The following is an indication for the selection of apertureless fibres suitable for use in the present invention. In order to understand the origin of the measured light profiles we have investigated, through full 3D numerical simulations, the light profile - or more precisely the electrical field - emerging from apertureless TOFs with different geometries.

We have modelled a TOF as a 3D dielectric cone covered by gold (Au) . The overall simulated domain was, by way of example, 15mm xl5mm xl 5mm for a resolution down to about 10 nm at the Au coating layer. We have analyzed in details the role of the apex shape and of its angle. Three are the main simulated structures: ideal conical apex; rounded conical apex; cut- edge conical apex.

Typically, all the configurations have SiO ₂ core material coated, for example, with 100 nm of Au. The base of the cone has an exemplary radius R= l mm. The rounded conical structure shows a SiO ₂ radius of curvature of 20-200 nm. Similarly, the cut-edge cone, has a SiO ₂ disk radius r=200 nm. The incoming light is a Gaussian beam polarized along x direction and impinging along z direction. The chosen wavelength is 491 nm.

Our numerical simulations indicate some basic relations between the geometrical features of apertureless TOFs and the emitted light profile:

- for small apex angle, the emitted light profile is dominated by diffraction;

- for large apex angle, the emitted light has an axicon behaviour;

- apex shape is important for small apex angles and it is "negligible" for large apex angles. These characteristics can be intuitively understood by observing the E _x and E _z amplitude distributions (electric field on the xz plane at about 5 mm from the tip end) at small and large apex angles. The E _x and E _z components for 40 and 80 degrees of a cut-edge type cone. It is clear that the zero field region associated to the E _z component tends to "collapse" for big apex angles, therefore field distributions with a large central lobe are expected.

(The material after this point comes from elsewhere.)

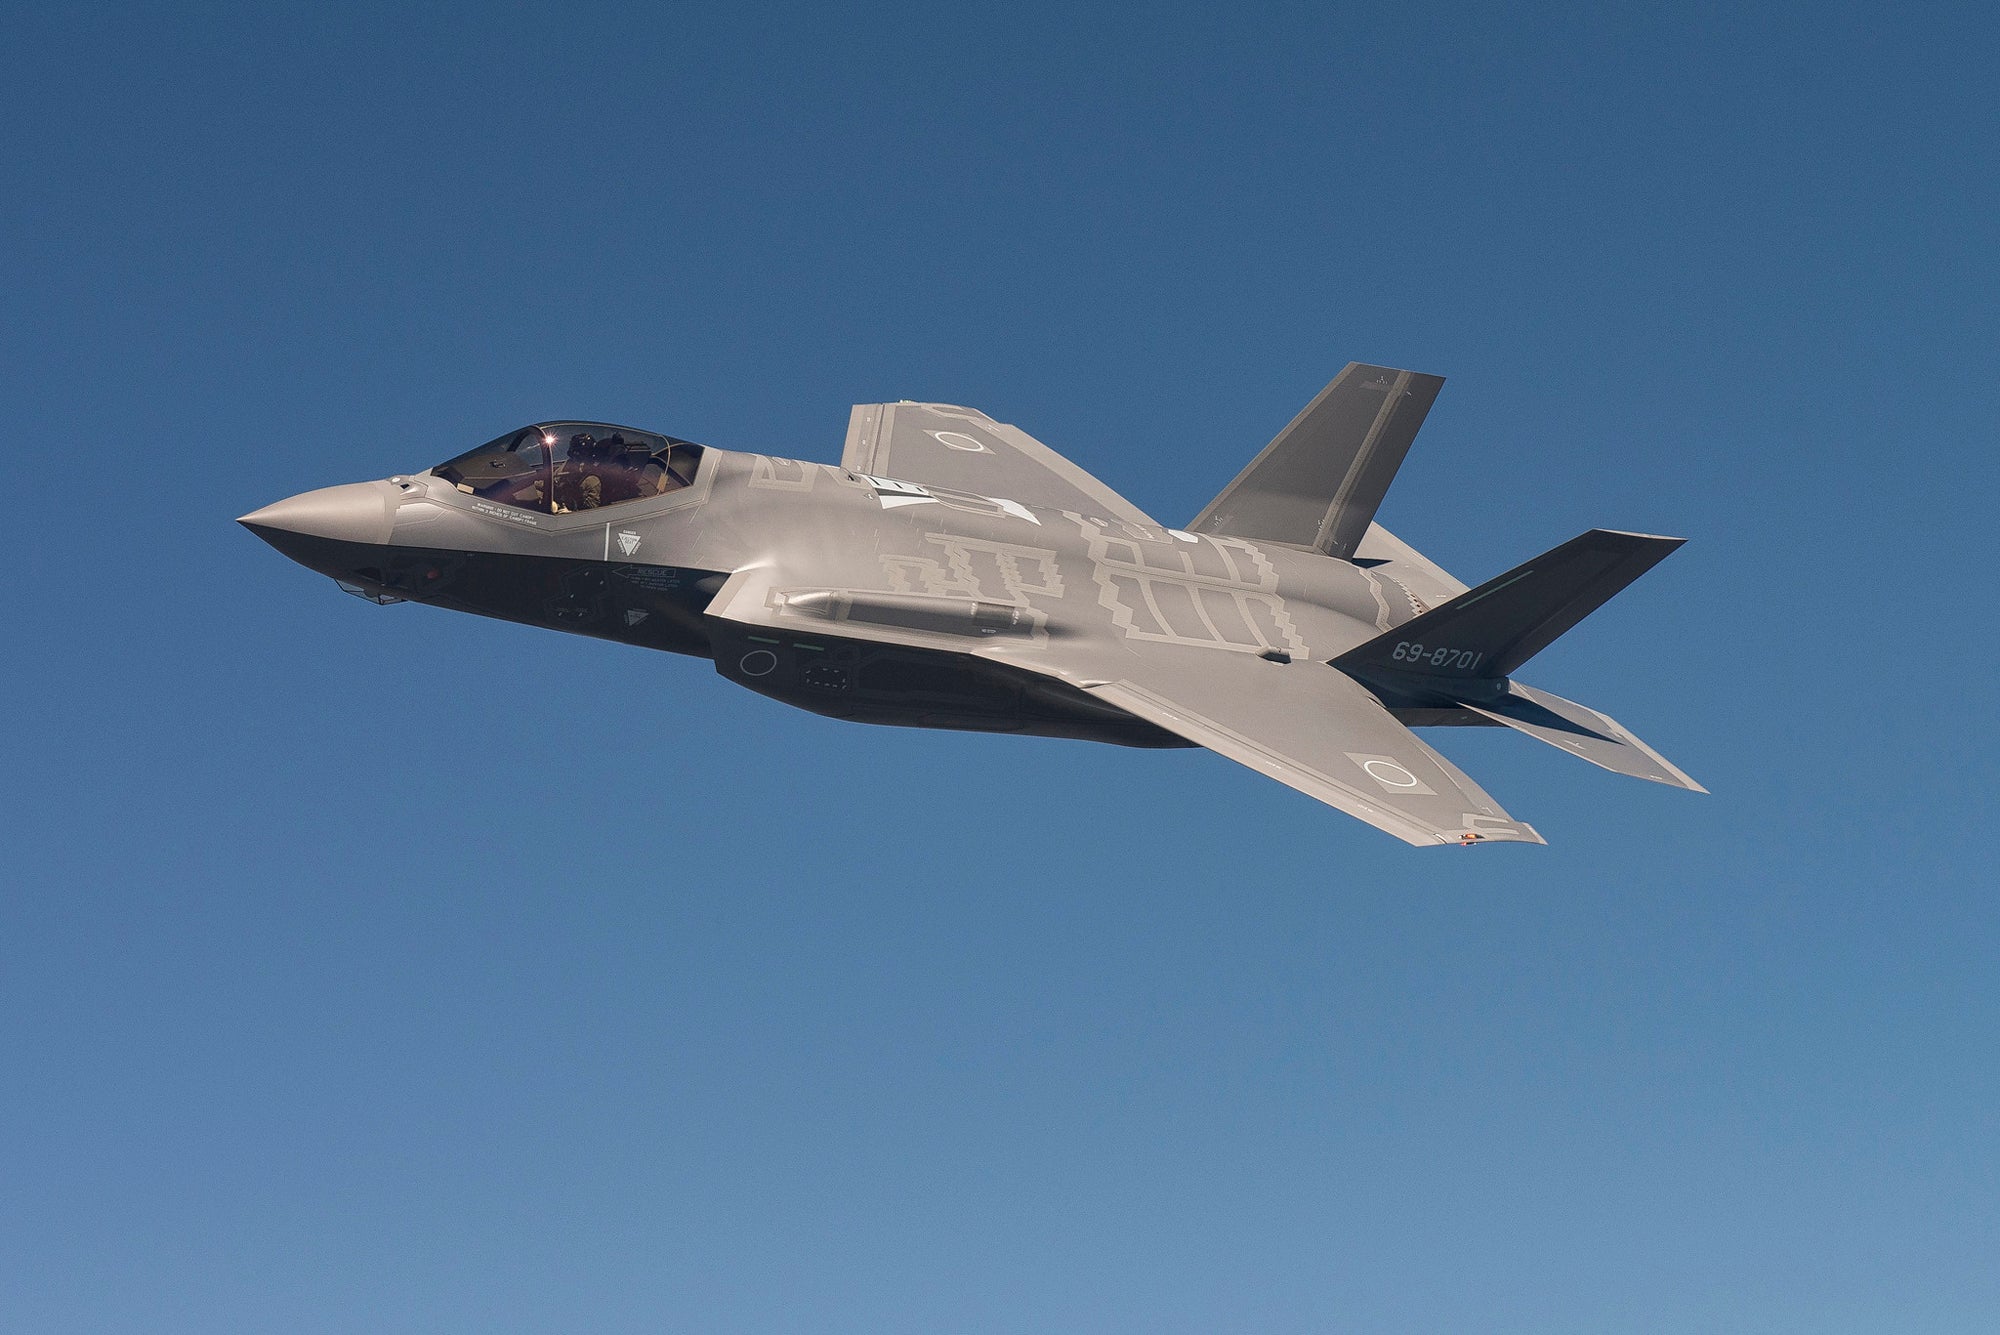 The F-35 is More than a Fighter Jet: It's a "Key Net-Enabling Node" - We Toured the Facility

The opposite behaviour is seen for small apex angles and for small apex angles, the cone tends to reflect the optical behaviour of a cylinder undergoing a transversal optical excitation which provides a zero field region along its axis. The present invention will be further illustrated by reference to an exemplary embodiment showing how restricted spots of light obtained thanks to the apertureless optical fibres used in the far-field device of the present invention reveal an efficacy gradient of the phototransduction cascade along the rod outer segment.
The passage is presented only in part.